YOUR TASK. Go through the listing below and repeat it exactly, omitting each picture.
+++ DATA EXCERPT +++
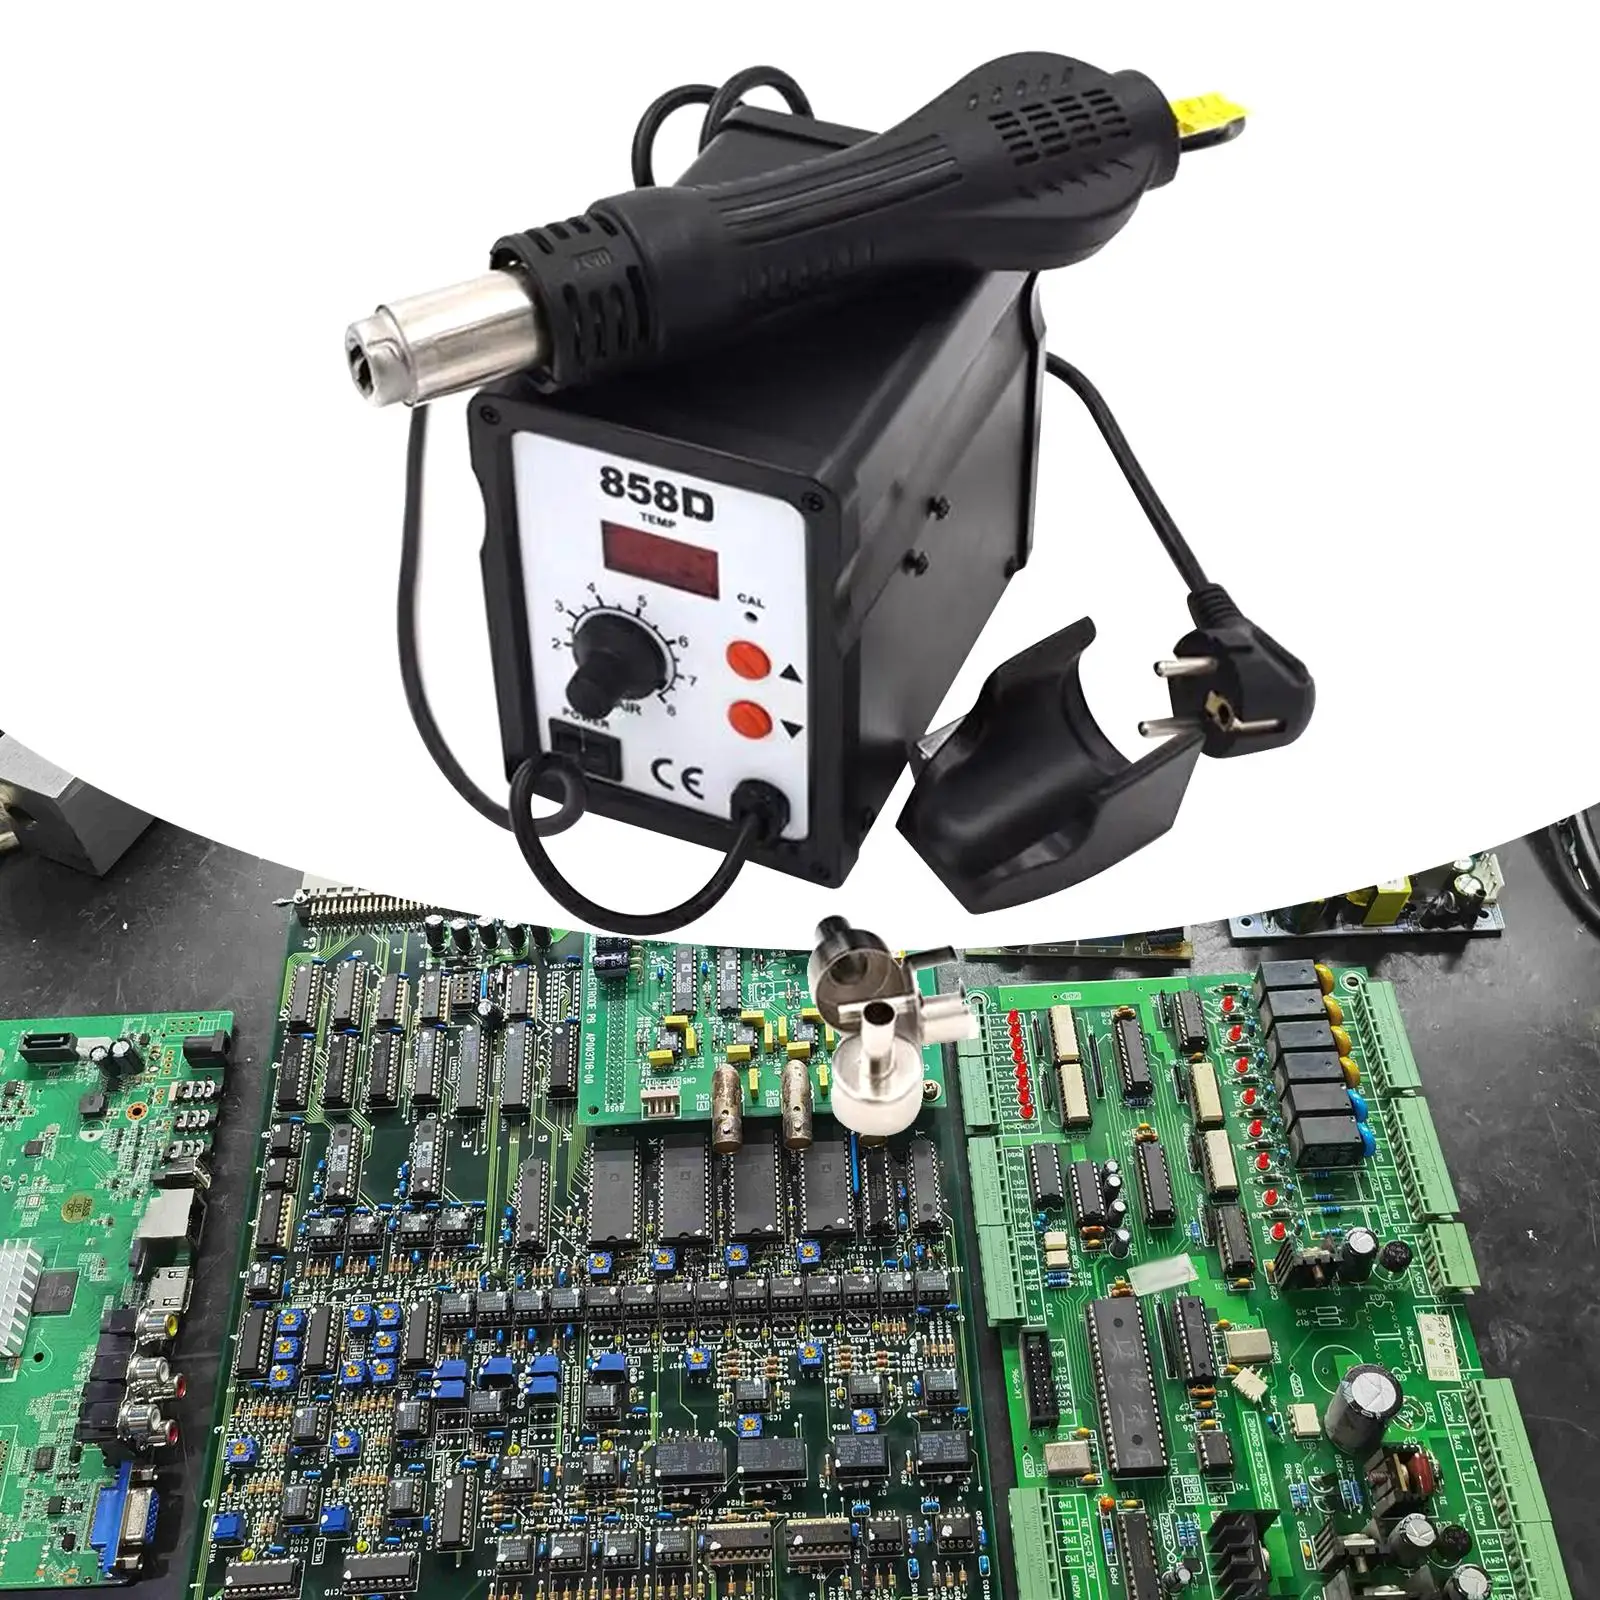 Hot Air Reflow Adjustable Soldering Replacing Nozzle Fast Heating Adjustable 858D Hot Air Reworks Station for Repairing Phone
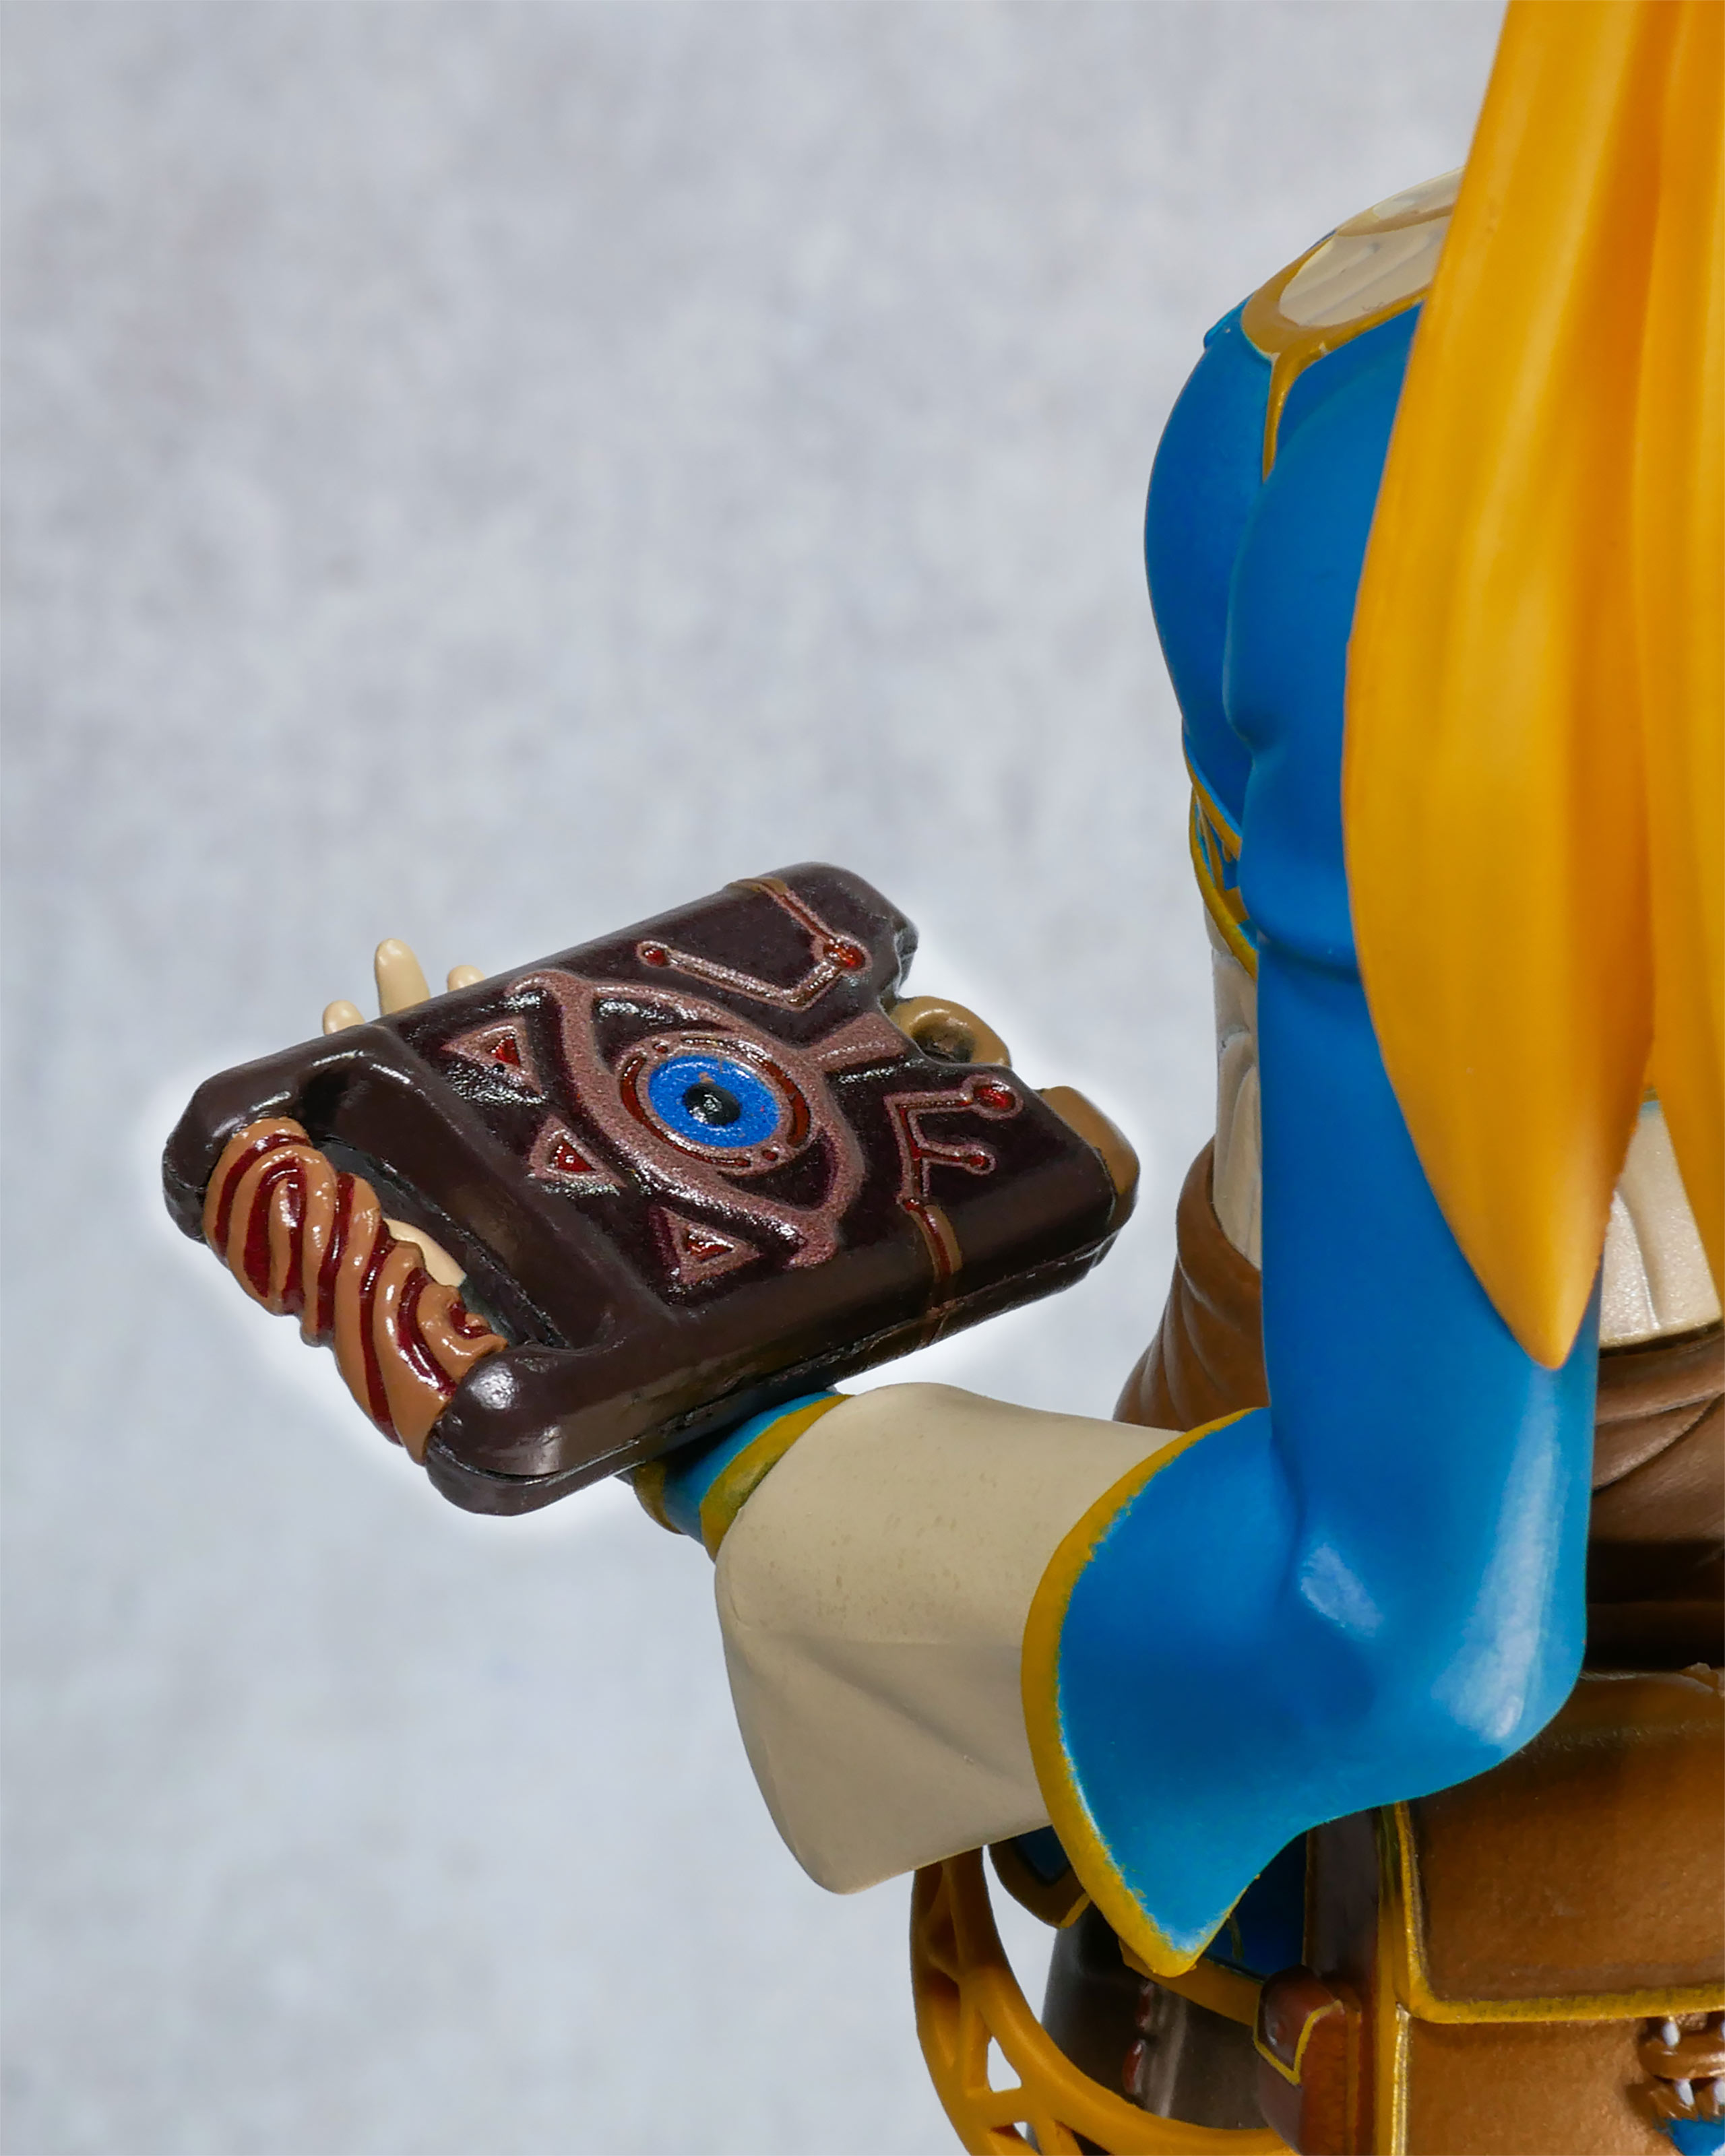 The Legend of Zelda - Breath of the Wild Standbeeld met Diorama
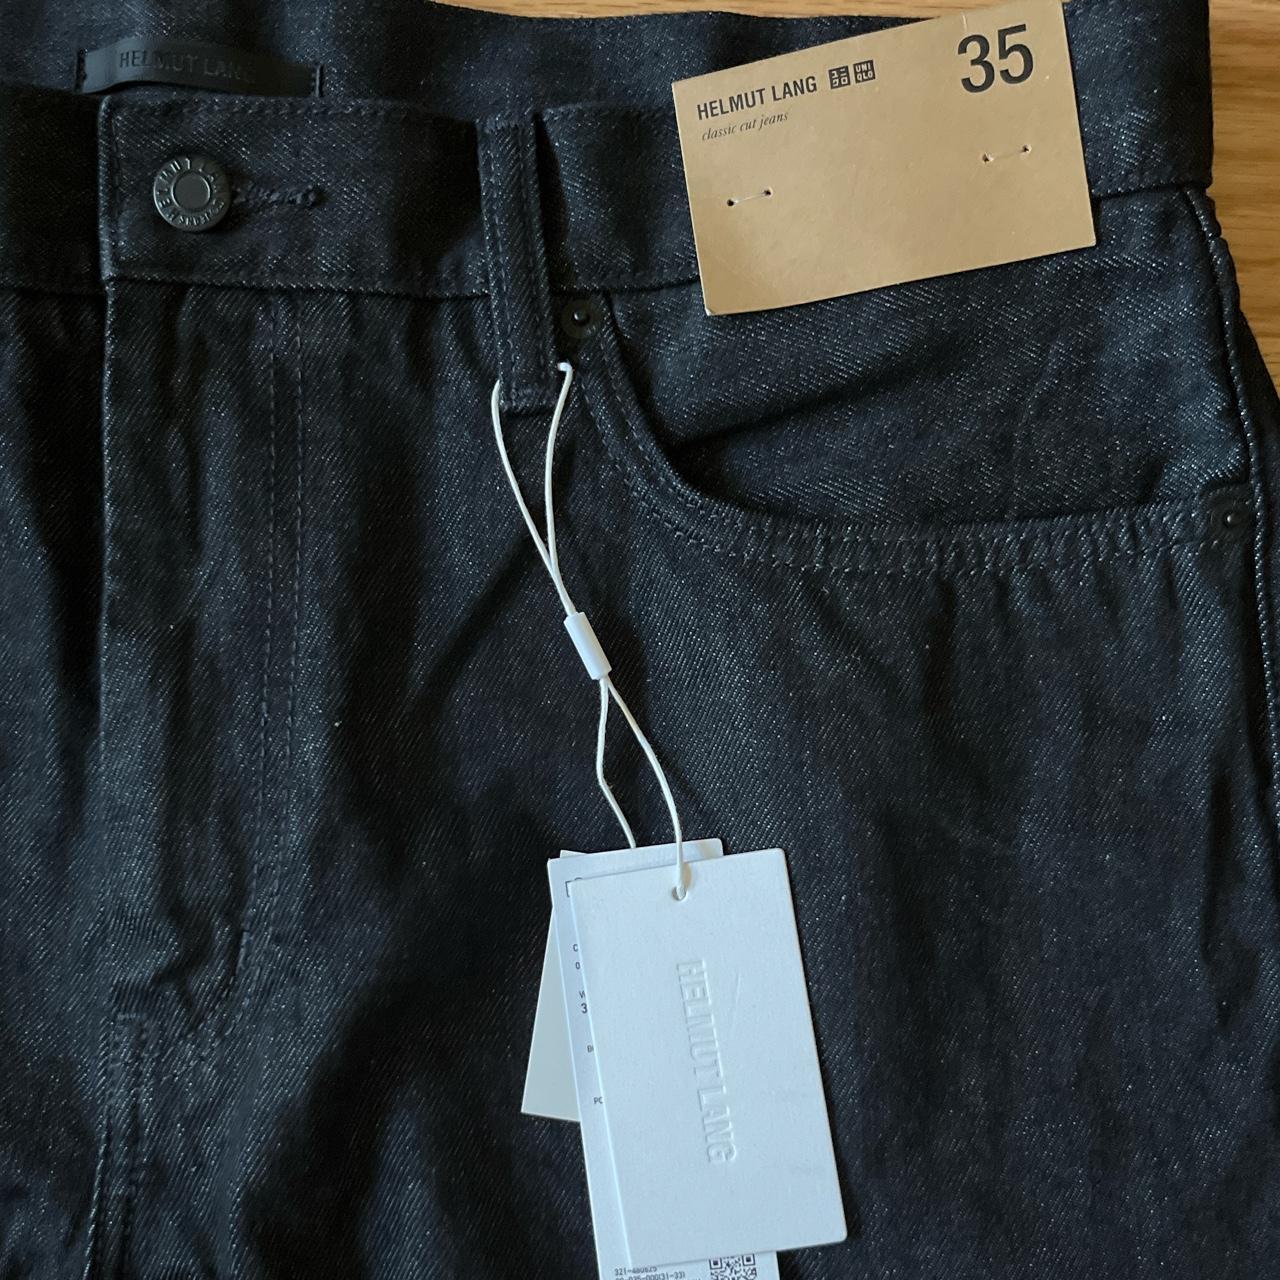 Helmut Lang Men's Jeans
+++
SOLUTION.
 Hot Air Reflow Adjustable Soldering Replacing Nozzle Fast Heating Adjustable 858D Hot Air Reworks Station for Repairing Phone
 The Legend of Zelda - Breath of the Wild Standbeeld met Diorama
 Helmut Lang Men's Jeans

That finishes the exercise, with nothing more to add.